Nomadication #2 – Road Trippin’ with SMG

It’s been a long time since I’ve been above the Mason-Dixon Line. My family and I stayed the month of July 2025 right north of it. We crossed the line regularly during the month we stayed in a rental house in-between the little towns of Meyersdale and Berlin, PA. The house is in Somerset County, a rural area hours away from any big city. At first glance it’s not a likely place where traveling Texans would lay their heads for a month. When our travels came up in conversation folk tend to ask along the lines of, “why are you staying here of all places?” Summer and I learned the easiest explanation is, “we kinda threw a dart at a map and landed here.”

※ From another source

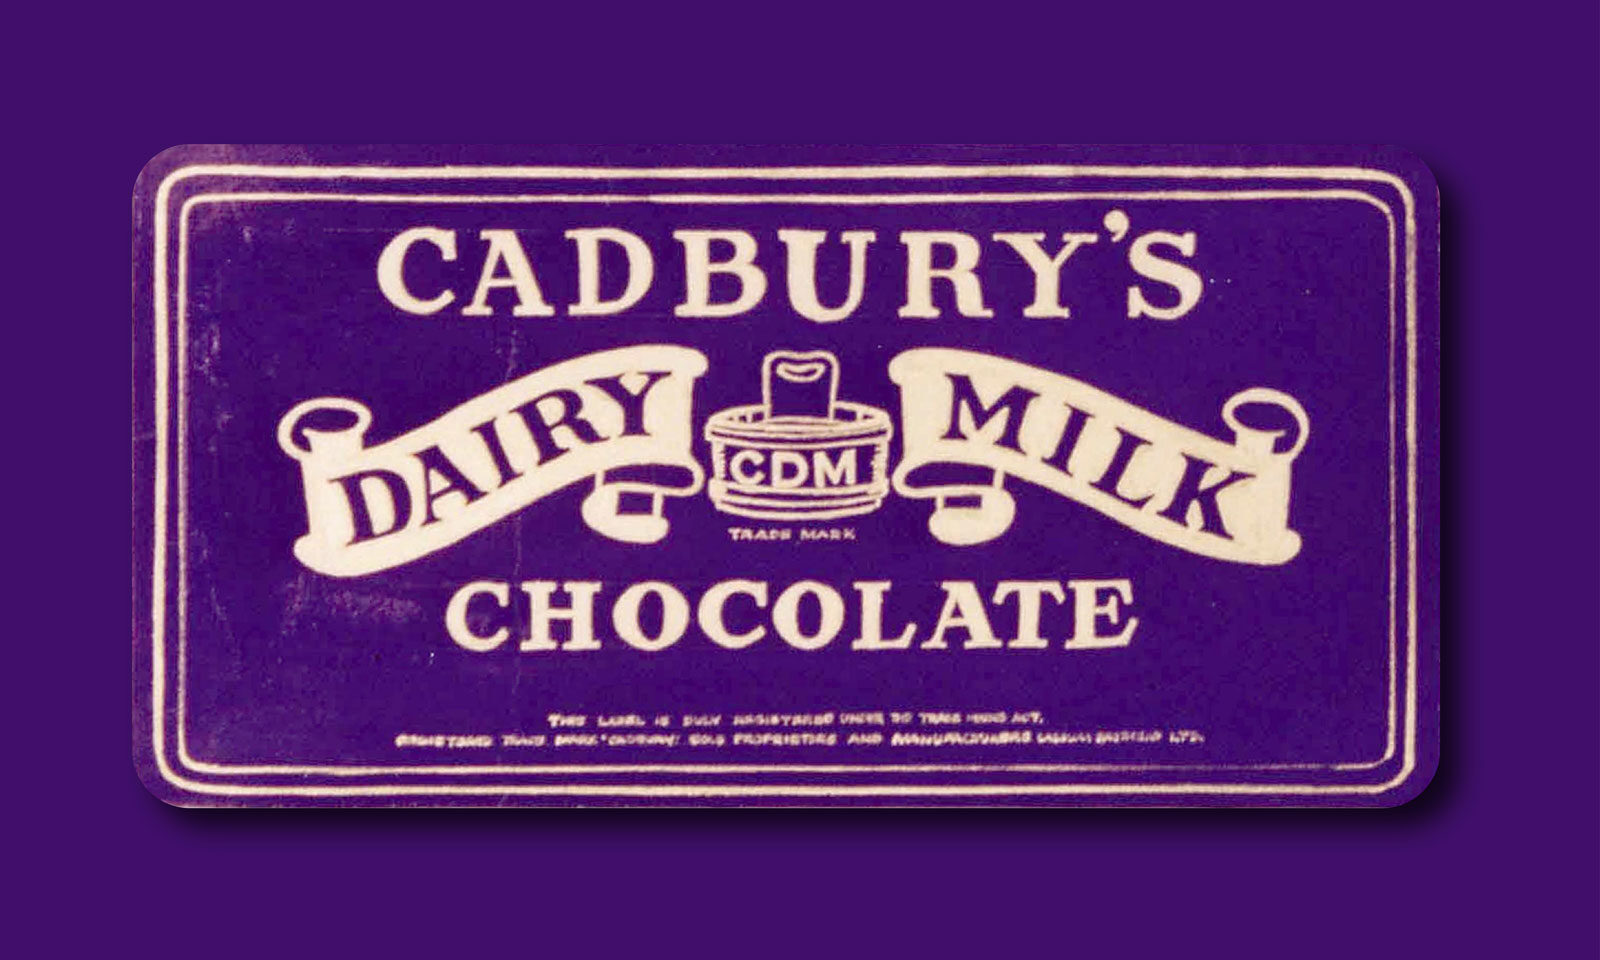 Cadbury archive image

            The longer explanation is that throughout our trip we’ve booked places we could afford along with the mortgage we are trying to unload back in Texas. We looked at rentals offering a reasonable monthly rate in an area we kind of want to stay and narrow in on something that’s at a price range that seems reasonable. Our stay in Somerset County was a little different though. My last couple of semesters in grad school, before we started this cross-country jaunt, I made a point to meet with my professors. One of the questions I would ask was, “if you could go anywhere in the U.S. to stay for a month where would you go?” My architectural history professor Peter Dedek mentioned Cumberland, Maryland due to its interesting architecture.

                        The area around Cumberland seemed like a reasonable place to start an extended nomadic adventure. We found our rental house in Somerset County, Pennsylvania about 35 minutes north of Cumberland across the Mason-Dixon.

            Intellectually, I understood that Appalachia stretched beyond the southern United States and into the northeast. I heard the Appalachians were, during the time of Pangea, the same range as the Highlands of Scotland and the Atlas Mountains of Morrocco. I could see on a map, the Catskills of New York and the Green Mountains of Vermont were part of the larger Appalachian range. I just never thought of the mountains north of West Viginia as the same mountains that my ancestors moved out of in covered wagons, leaving Tennessee as they pushed into and colonized East Texas. But Appalachia they are, and we connected with their ancient beauty over the next few months from different vantages. The mountains in the chain we stayed near in Pennsylvania are called the Alleghenies. The name evokes in my mind visuals from Allan Eckert’s book The Frontiersmen.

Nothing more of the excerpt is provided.